La revoca interessa anche i titolari di pensioni fino a 100 euro mensili, pur non essendo stata applicata nei loro confronti la trattenuta del 5%.

Il ruolo degli operatori

Per CAF, Patronati e consulenti previdenziali questa fase rappresenta un’attività particolarmente delicata.

È consigliabile:

  • verificare se il pensionato ha ricevuto la comunicazione dell’INPS;
  • controllare l’effettiva presentazione del modello RED relativo ai redditi 2022;
  • predisporre tempestivamente la domanda di ricostituzione reddituale nei casi di omissione;
  • ricordare ai beneficiari che il termine del 15 settembre 2026 è perentorio per evitare la revoca delle prestazioni.

In sintesi

La fase conclusiva della Campagna RED 2023 prevede un meccanismo progressivo: prima la sospensione della prestazione mediante trattenuta del 5%, poi, in assenza della dichiarazione reddituale, la revoca definitiva con recupero degli importi non spettanti.

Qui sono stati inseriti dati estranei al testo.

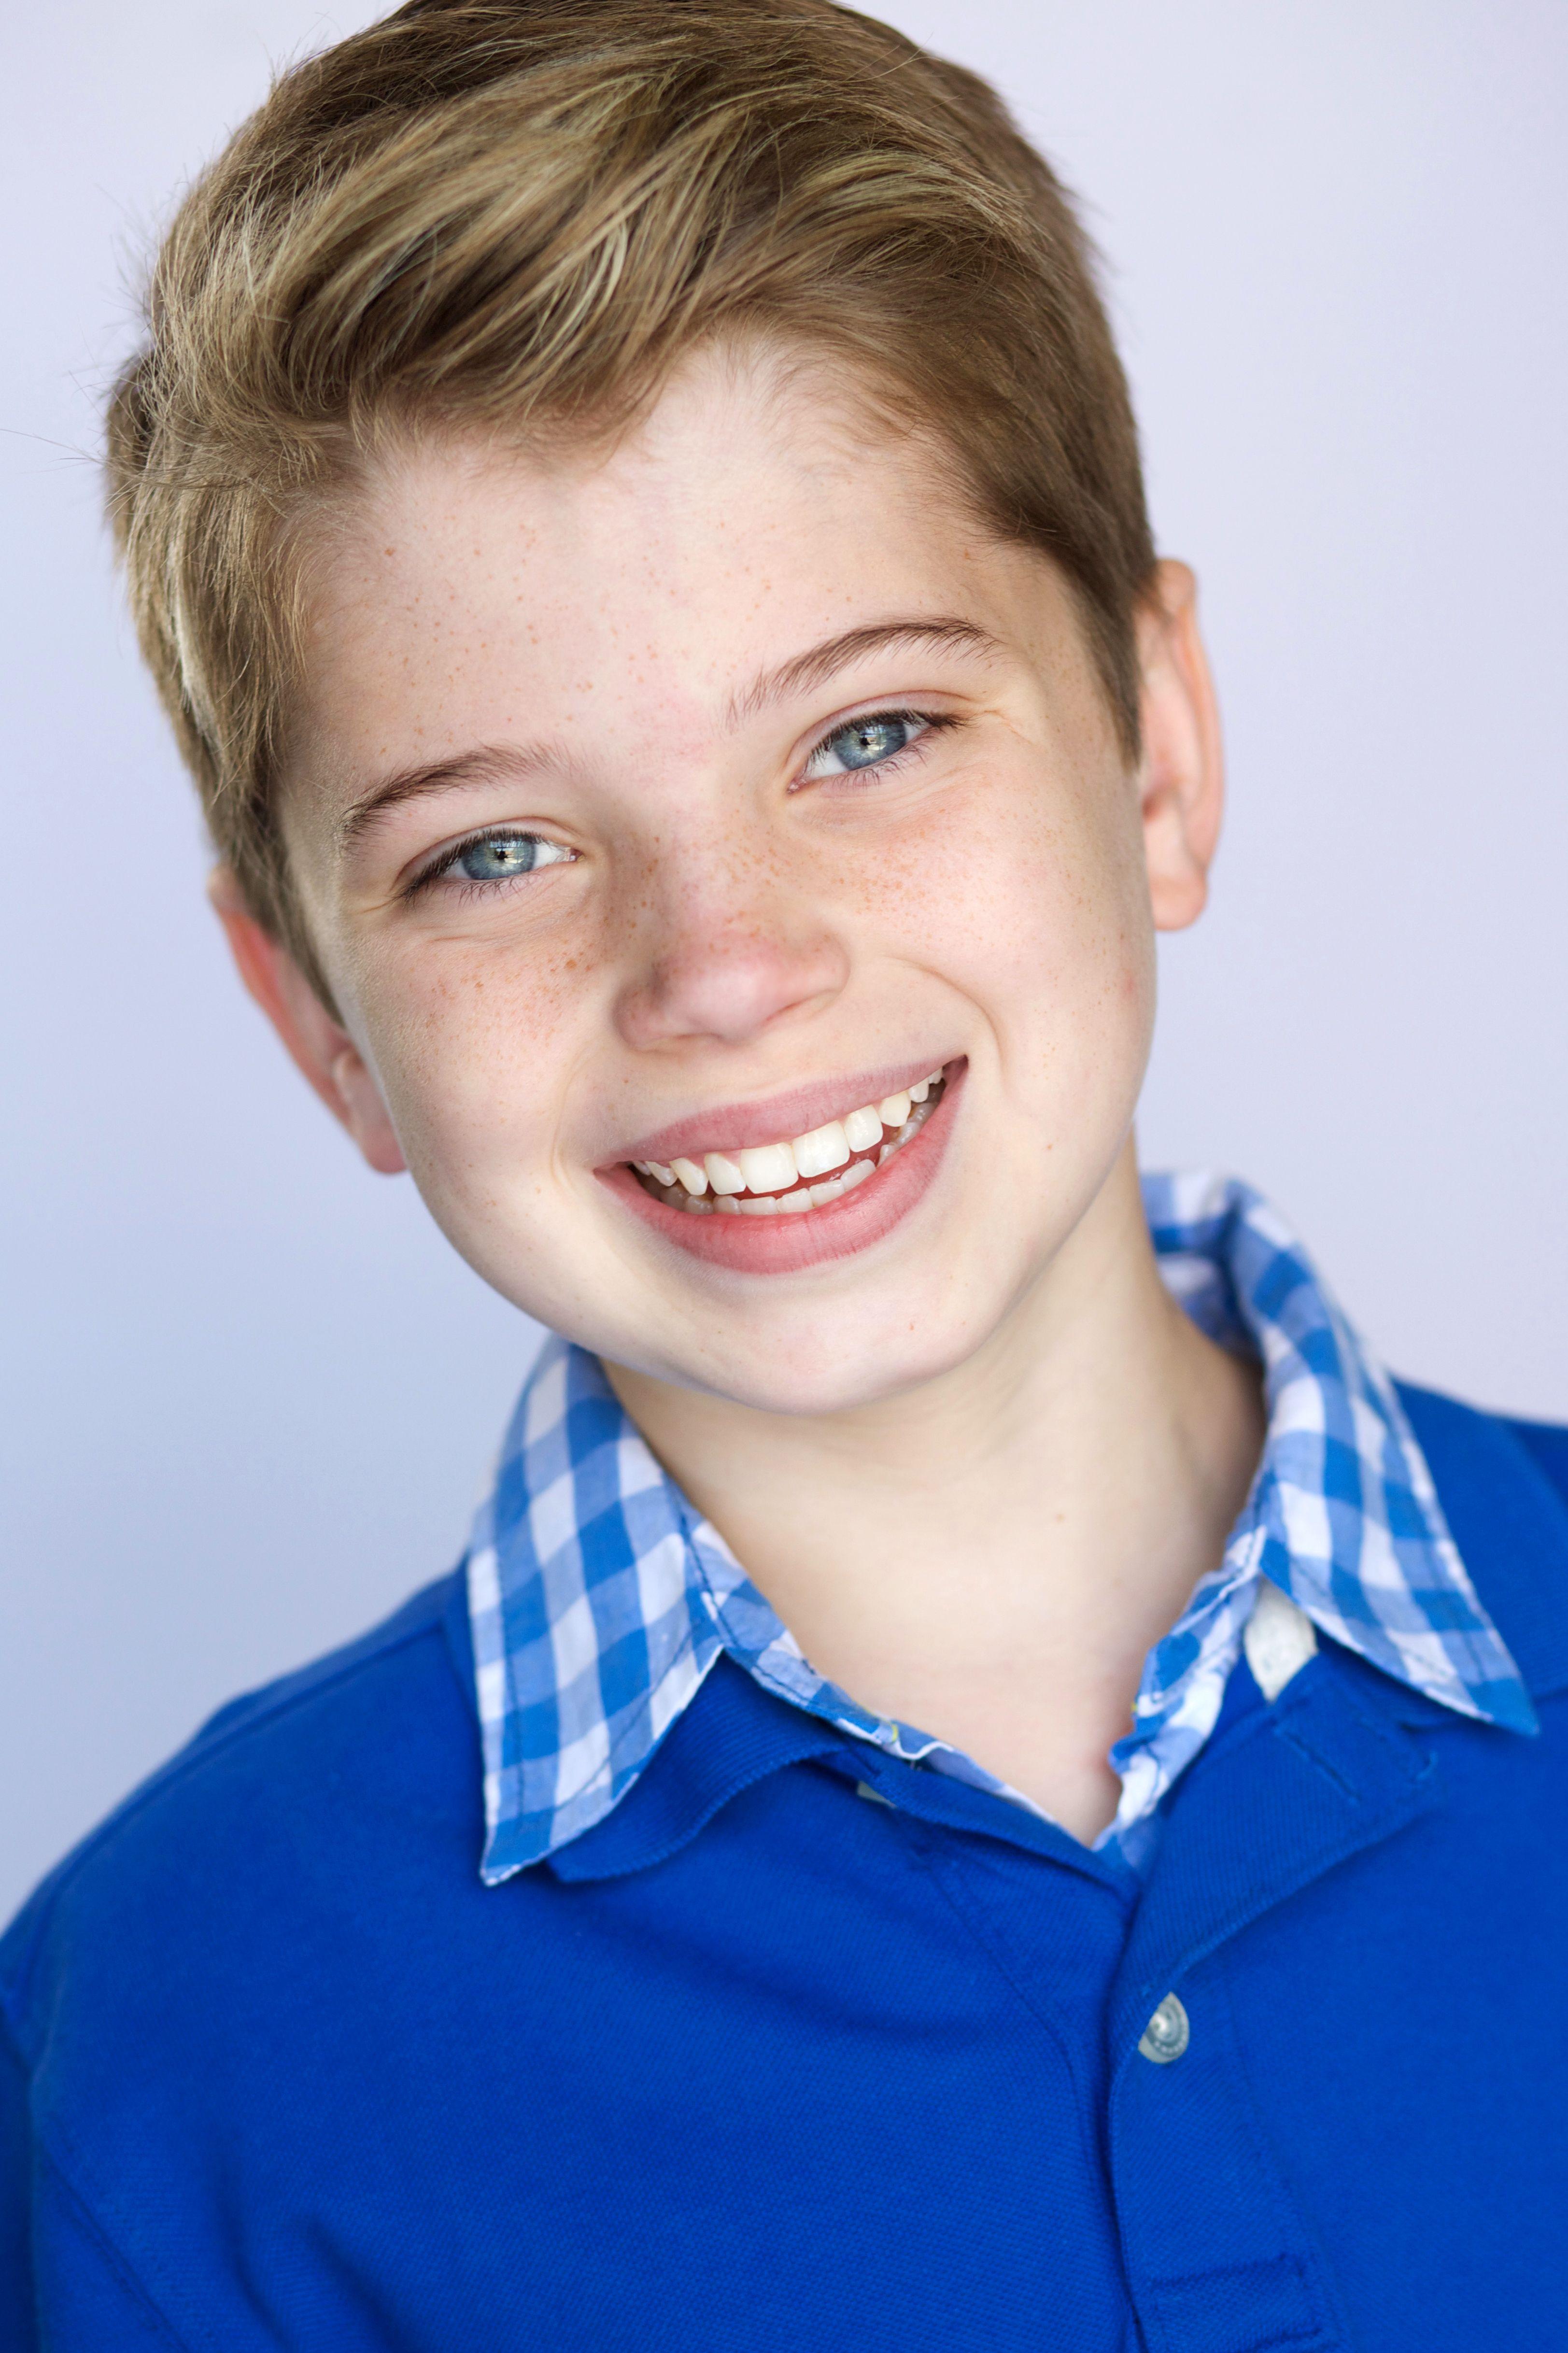 Child Actor Headshot | Model headshots, Boy models ...

Per questo motivo è essenziale che i pensionati interessati regolarizzino la propria posizione entro il 15 settembre 2026, presentando la domanda di ricostituzione reddituale e dichiarando i redditi percepiti nel 2022. Un intervento tempestivo consente di evitare la perdita delle prestazioni e le conseguenze economiche derivanti dal recupero delle somme eventualmente erogate.

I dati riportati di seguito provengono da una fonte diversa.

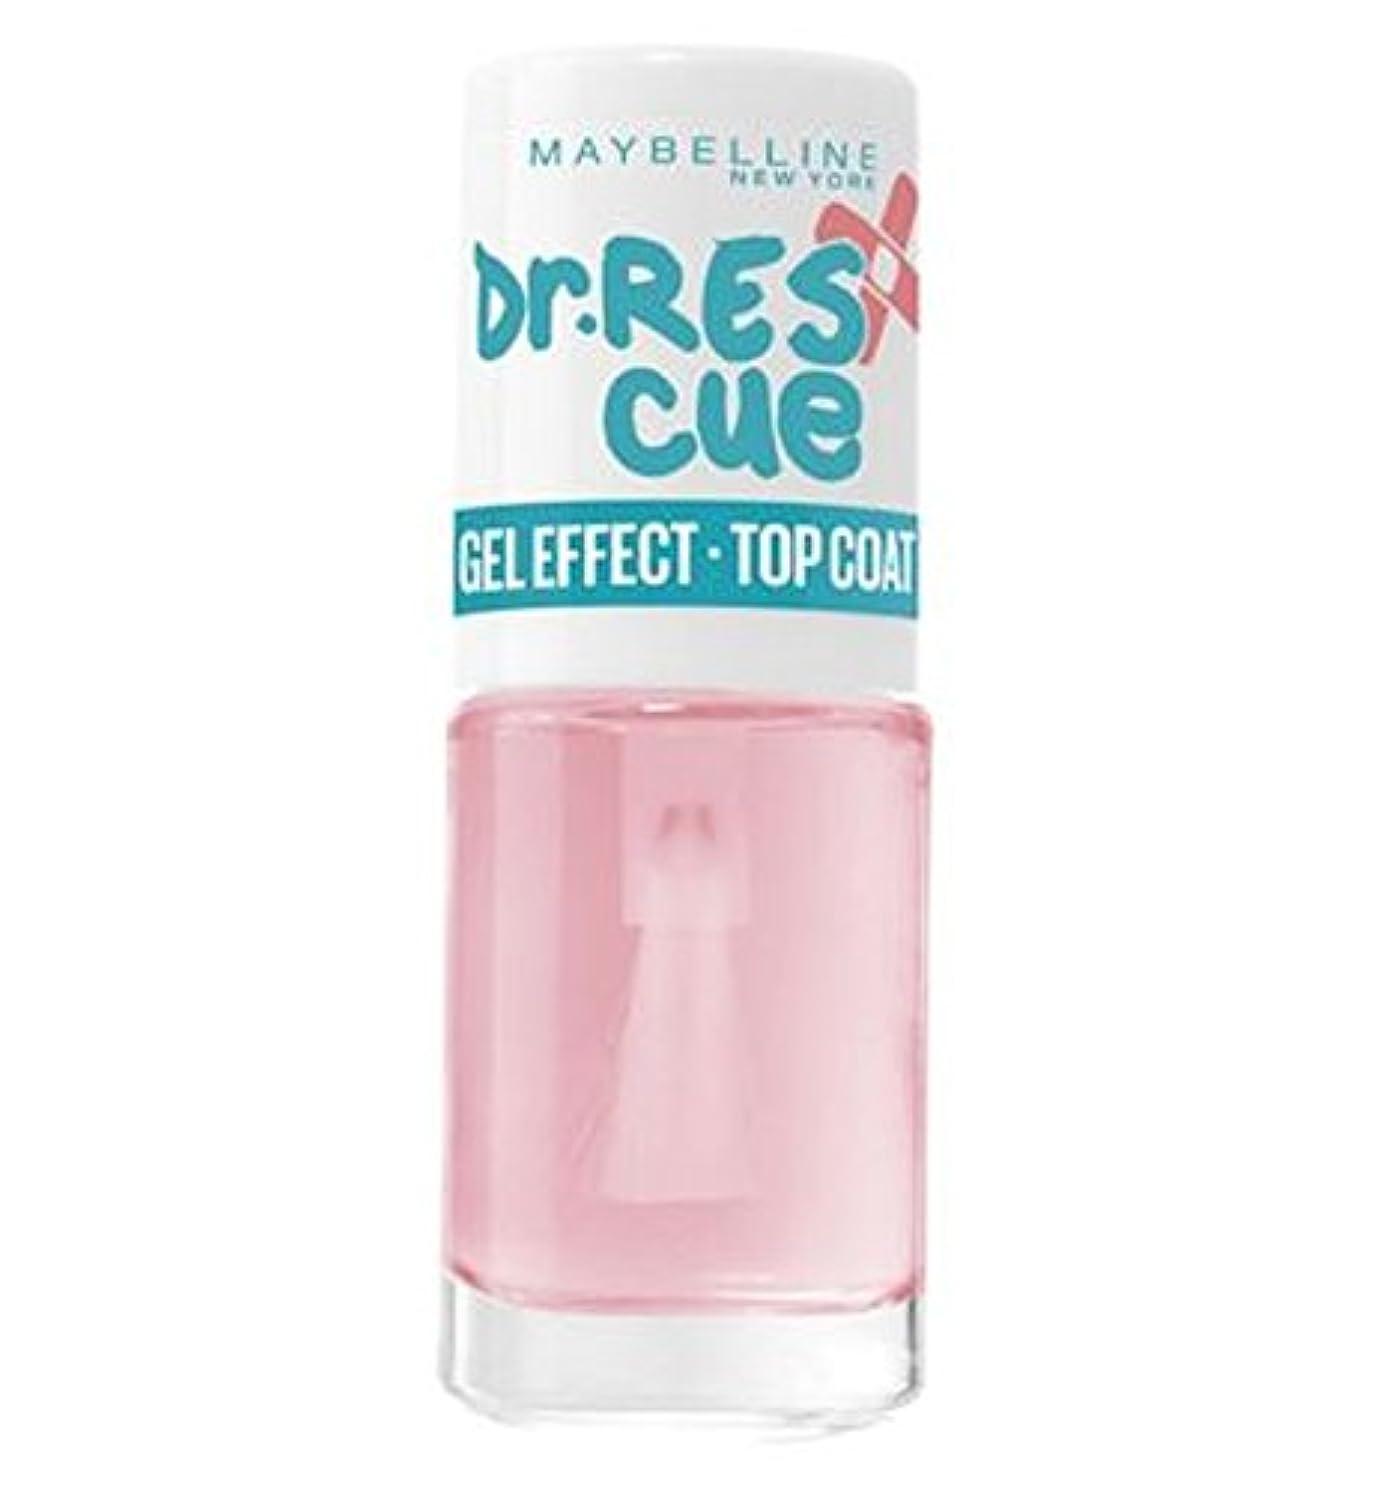 Maybelline Dr Rescue Nail Care Gel Top Coat 7ml - メイベリンのDr救助ネイルケアジェルトップコート7ミリリットル (Maybelline) [並行輸入品]

La Campagna RED riguarda anche gli ex dipendenti pubblici?

Sì, ma non automaticamente. La verifica reddituale interessa tutti i pensionati, compresi quelli provenienti dalle gestioni dell’ex INPDAP, solo se sono titolari di prestazioni pensionistiche collegate al reddito. Non è quindi la natura della pensione (pubblica o privata) a determinare l’obbligo dichiarativo, bensì la presenza di benefici economici subordinati ai limiti reddituali.